I like the Tombs (1226 36th St., NW; 202-337-6668) for lunch and brunch—the students usually take it over at night. It’s down in the basement. The atmosphere’s good, and the food is terrific; the Buffalo wings are outstanding.
In the evenings, one place I like to have dinner is Papa Razzi (1064 Wisconsin Ave., NW; 202-298-8000). Mike Palermo, one of the managers, does a great job of taking care of us.
An evening walk along the C&O Canal is always fun. You can take the kids and ride your bikes along the water. It’s a little more off the beaten path than the rest of Georgetown.
Tracey Neale, a former Emmy Award–winning news anchor for WUSA Channel 9 and Fox 5, founded the Veronica’s Story Foundation, a pediatric-AIDS and orphans charity, after making a documentary about AIDS in Africa. In 2007, she adopted twins, Emebet and Eyasu, from Ethiopia.
My life has changed so much with the kids. I used to love Mie N Yu (3125 M St., NW; 202-333-6122) and Citronelle (3000 M St., NW; 202-625-2150). Now I’m a regular at Tugooh Toys (1319 Wisconsin Ave., NW; 202-338-9476). They have great natural wooden toys, activities in the afternoon, puppet shows, and arts and crafts.
Creativity (3222 M St., NW; 202-338-0044) in Georgetown Park is another great destination. It’s a drop-in spot, really friendly: You buy an item, and then your child can sit down and paint. My kids are always really proud when they create things.
Before I had kids, I bought a kayak. It’s the one thing I’ve tried to keep hold of from my old life, and luckily they love it. We keep it at Jack’s Boat House (3500 K St., NW; 202-337-9642). When it’s warm, we get something from Pizzeria Paradiso (3282 M St., NW; 202-337-1245) and take lunch out on the boat.
I love my dry cleaner, Uptown Valet (1212 31st St., NW; 202-337-4700).

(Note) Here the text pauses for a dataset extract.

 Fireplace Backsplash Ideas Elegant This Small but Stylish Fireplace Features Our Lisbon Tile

It’s the kind of place where they know your name, ask about your life—and they’re really good at what they do. As an added perk, they run a little matchmaking service on the store wall. I’ve seen a few intriguing faces up there!

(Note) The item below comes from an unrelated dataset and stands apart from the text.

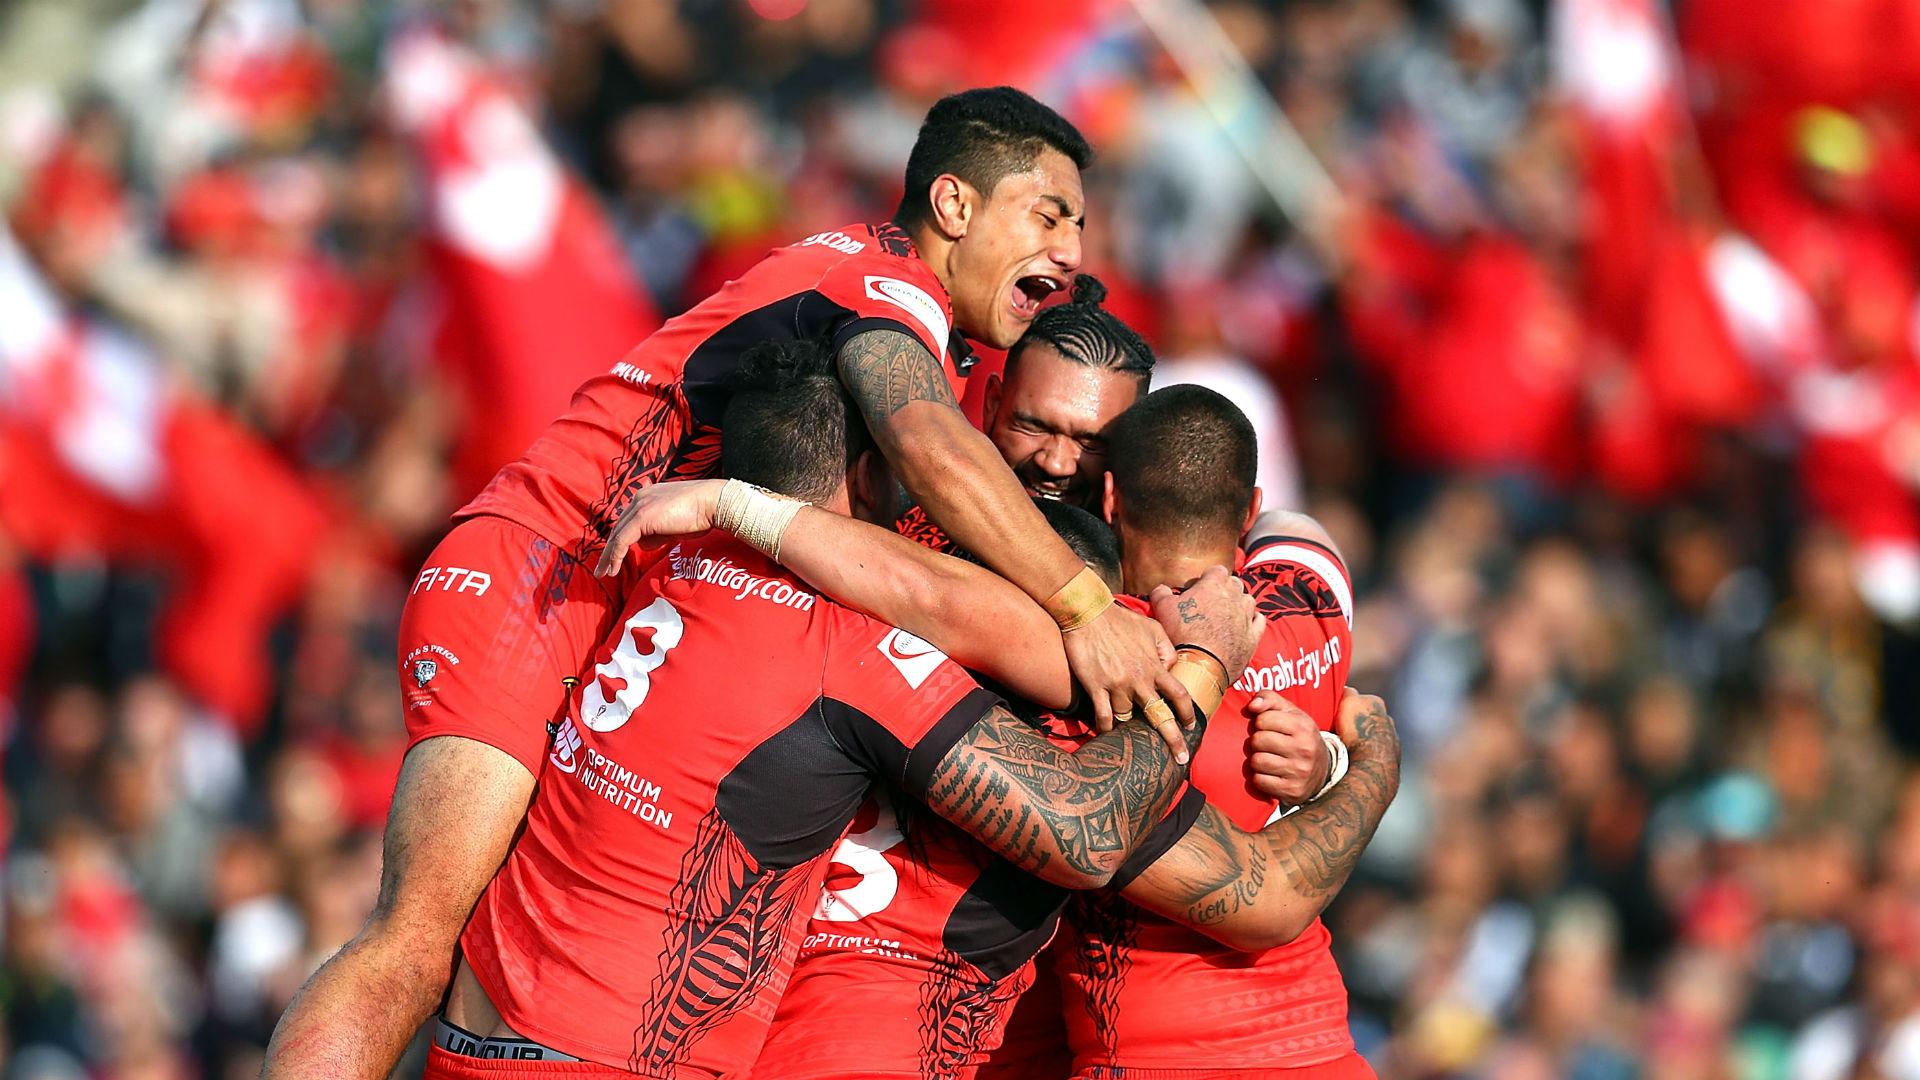 Tonga v Australia Test confirmed, Tonga v New Zealand announced

Peter Mirijanian runs Peter Mirijanian Public Relations in downtown DC, representing clients such as FedEx, Verizon, and Boeing. He has lived in Georgetown since 2001. He and his wife, Irina, have a seven-month-old son, Tigran.
I love Cafe Milano (3251 Prospect St., NW; 202-333-6183). Everyone seems to know the owner; we’re good friends with him. I love the pounded veal chop, and my wife is a big fan of the pasta. We’ll go there on the weekend, especially when we can sit outside. I’m a cigar smoker, so it’s ideal.
Another place we like to go is Neyla (3206 N St., NW; 202-333-6353) for Middle Eastern food. They have a wood-burning oven in the back where they cook all their own breads, and they have great meats and chicken. We’re both Armenian, so that kind of food is a part of our heritage.
We have a lot of furniture from Random Harvest (1313 Wisconsin Ave., NW; 202-333-5569). It’s an eclectic place—they have restored antiques, but they’re practical. We always like to walk past and see what they’ve got in.
Jan Pottker is the author of eight books, including Janet & Jackie: The Story of a Mother and Her Daughter, Jacqueline Kennedy Onassis. She runs walking tours of “celebrity” Georgetown, and is an expert on the neighborhood’s history.
Semra at Ury & Associates (3109 M St., NW; 202-342-0944) is the best waxer in Georgetown, particularly for eyebrows. She’s been in the business for at least a decade.
Thomas Sweet (3214 P St., NW; 202-337-0616) has the best ice cream. It’s charming, and in good weather you can sit outside. They’ve provided ice cream for the White House.
Doyle New York (3256 Prospect St., NW; 202-342-6100), the art-and-antiques auction place, holds appraisal days where you can bring in your jewelry, furniture, paintings, et cetera and get free evaluations—a bit like Antiques Roadshow.